There has always been a mystery around it since back in my college days.



Speaking broadly about not only Jane street, but adjacent firms like Jump and Citadel: In my experience (working with and getting coached by a recruiter in the space), these finance companies really want you to love the space, not just the technology. I wasn't able to drink the kool-aid or fake enough die-hard passion for trading to get far in the their interview process, despite having extremely relevant technical capabilities Some are also very elitist with respect to your pedigree, so even amazing experience but no degree from a top US school can make it difficult (yes, even a decade later..)


> top US school

top schools outside of the US work too...


Apply, like anywhere else. Most quant firms expect you to be pretty strong with C++, but since they use OCaml (and don't expect you to know that) I think you can get away with low-level systems experience more broadly.
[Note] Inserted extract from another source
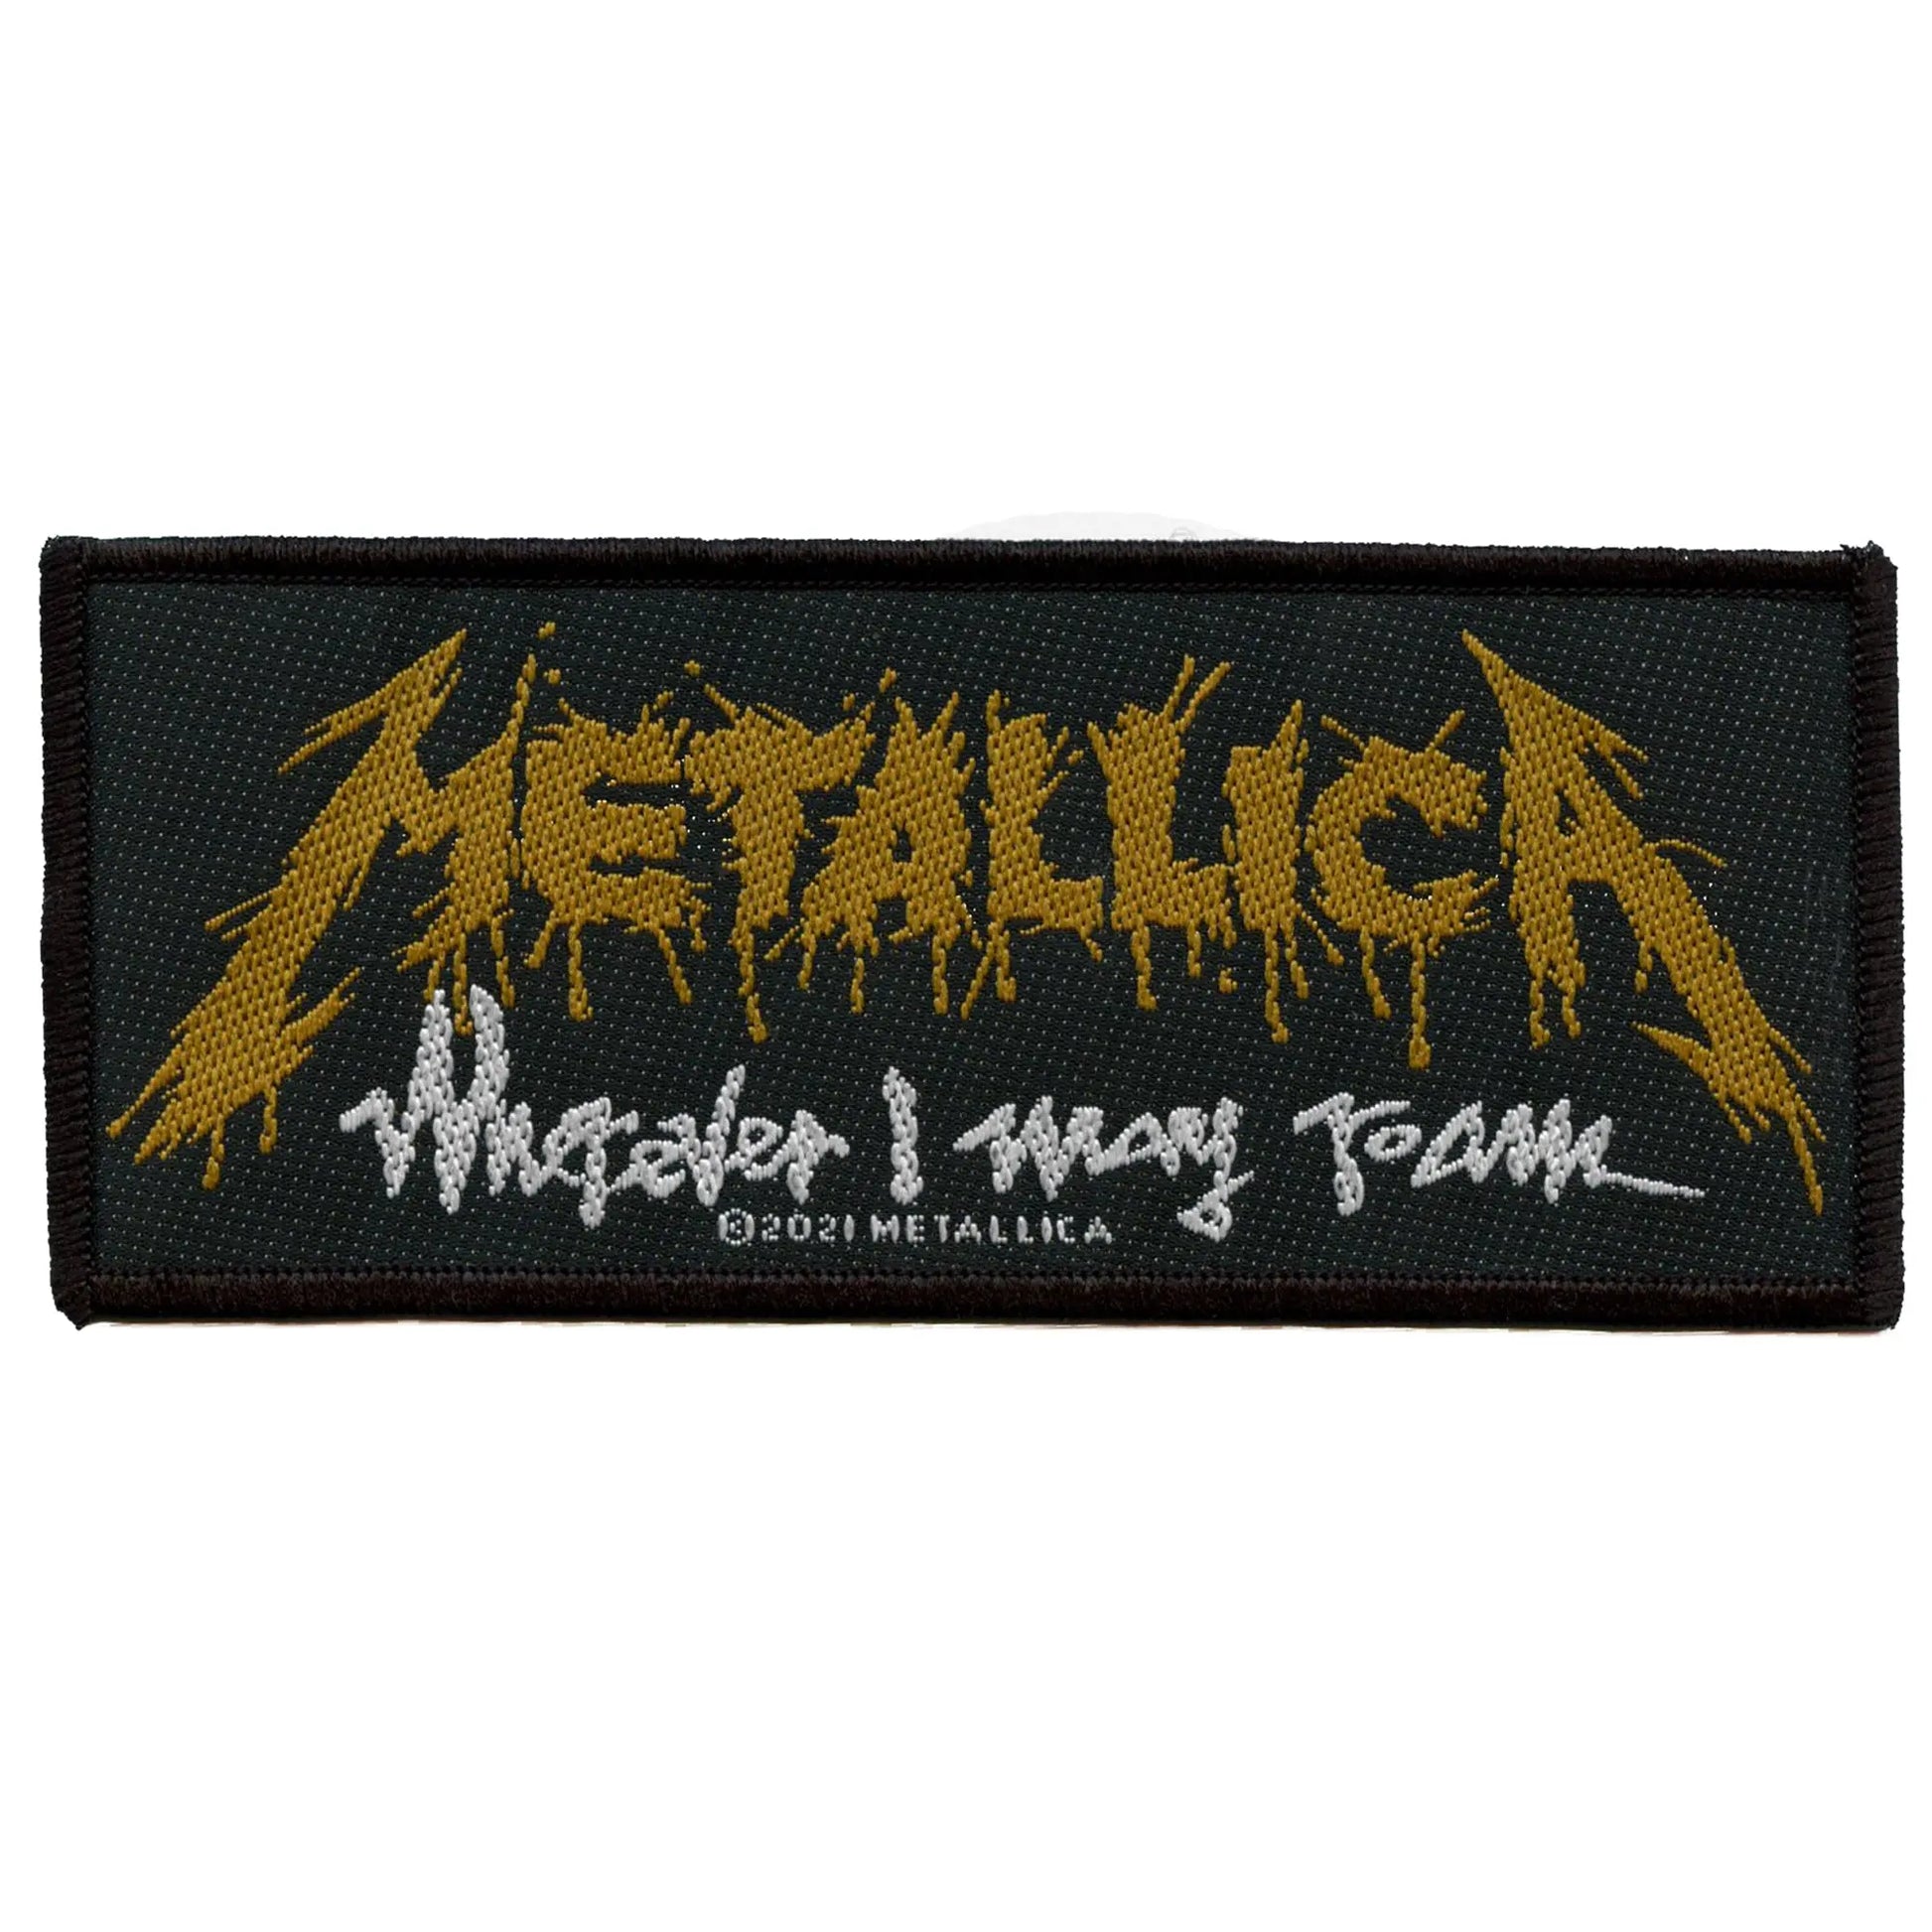 Metallica patch pack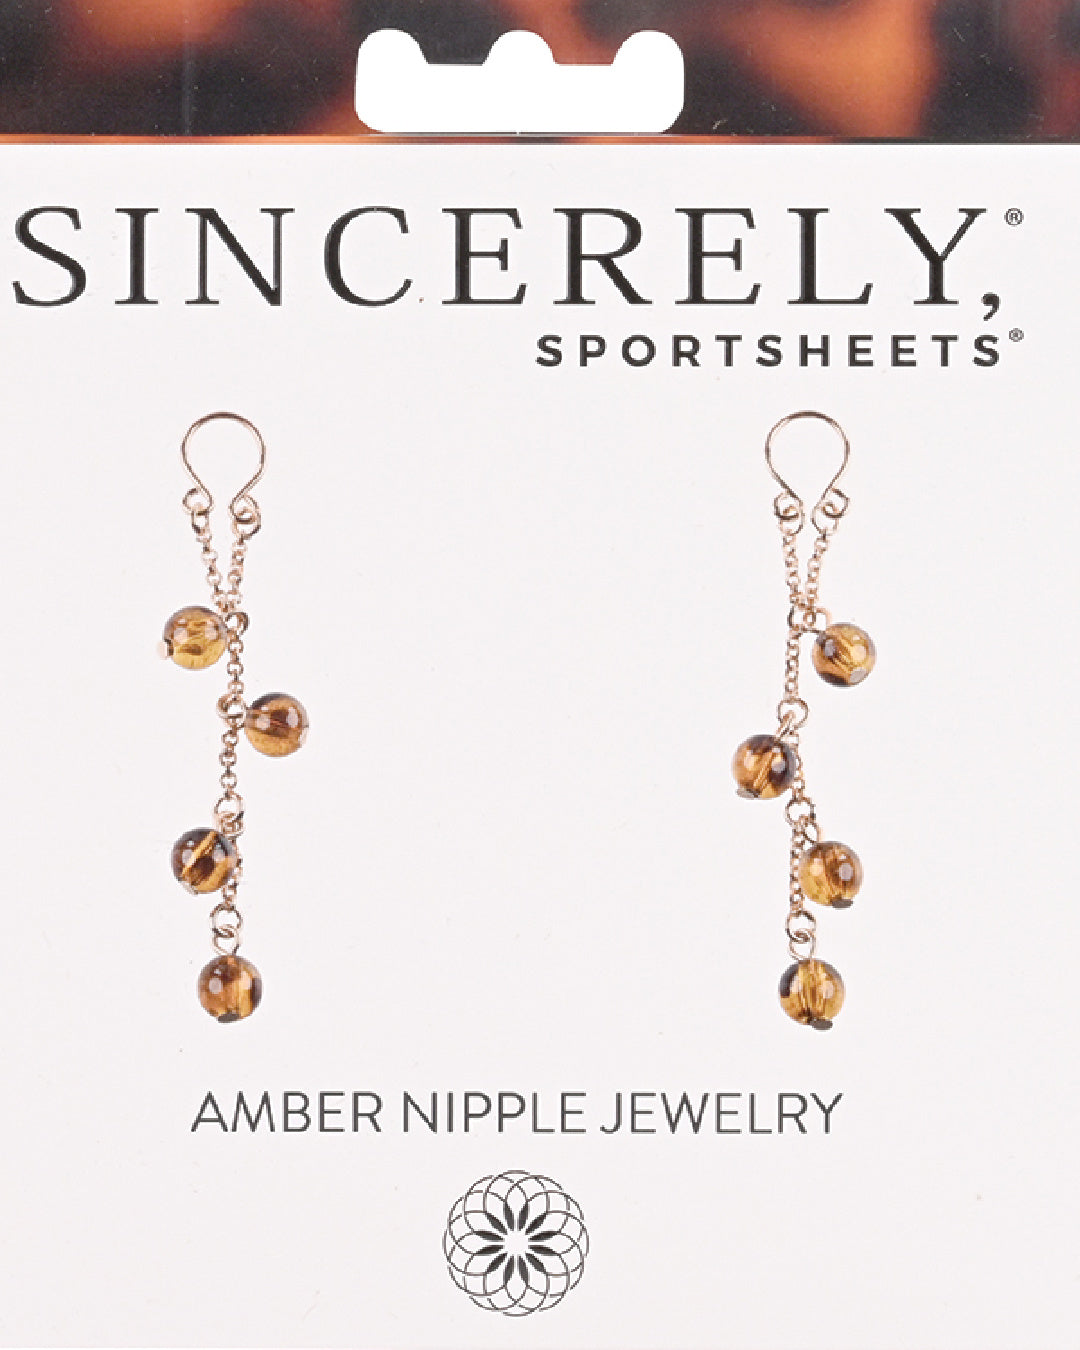 Sincerely Amber Nipple Jewelry box

No direct experience but I would imagine you would need solid intermediate skills at OCaml, probably being a nerd enough to make your own extensions or the ecosystem for benchmarking and debugging, not just coding. Then a liberal dose of projects about OCaml, game theory, and financial markets. That ought to get their attention at least.


What I've heard is that they target graduates from elite schools, bonus points if you did maths or CS competitively. Everything else, including OCaml and finance, they claim that they can teach you. Although they always go to functional programing conferences like ICFP to promote their company, so they must hire language experts as well.

I applied there 15 years ago. They asked me some logic puzzles and some typical quant interview probability questions. It wasn't about OCaml at all even though I do have an OCaml background and I thought I interviewed for a SWE position. I remember the interviewer was unpleasant for no reason.

A friend of mine interviewed there recently, he got some typical leetcode questions (hard ones).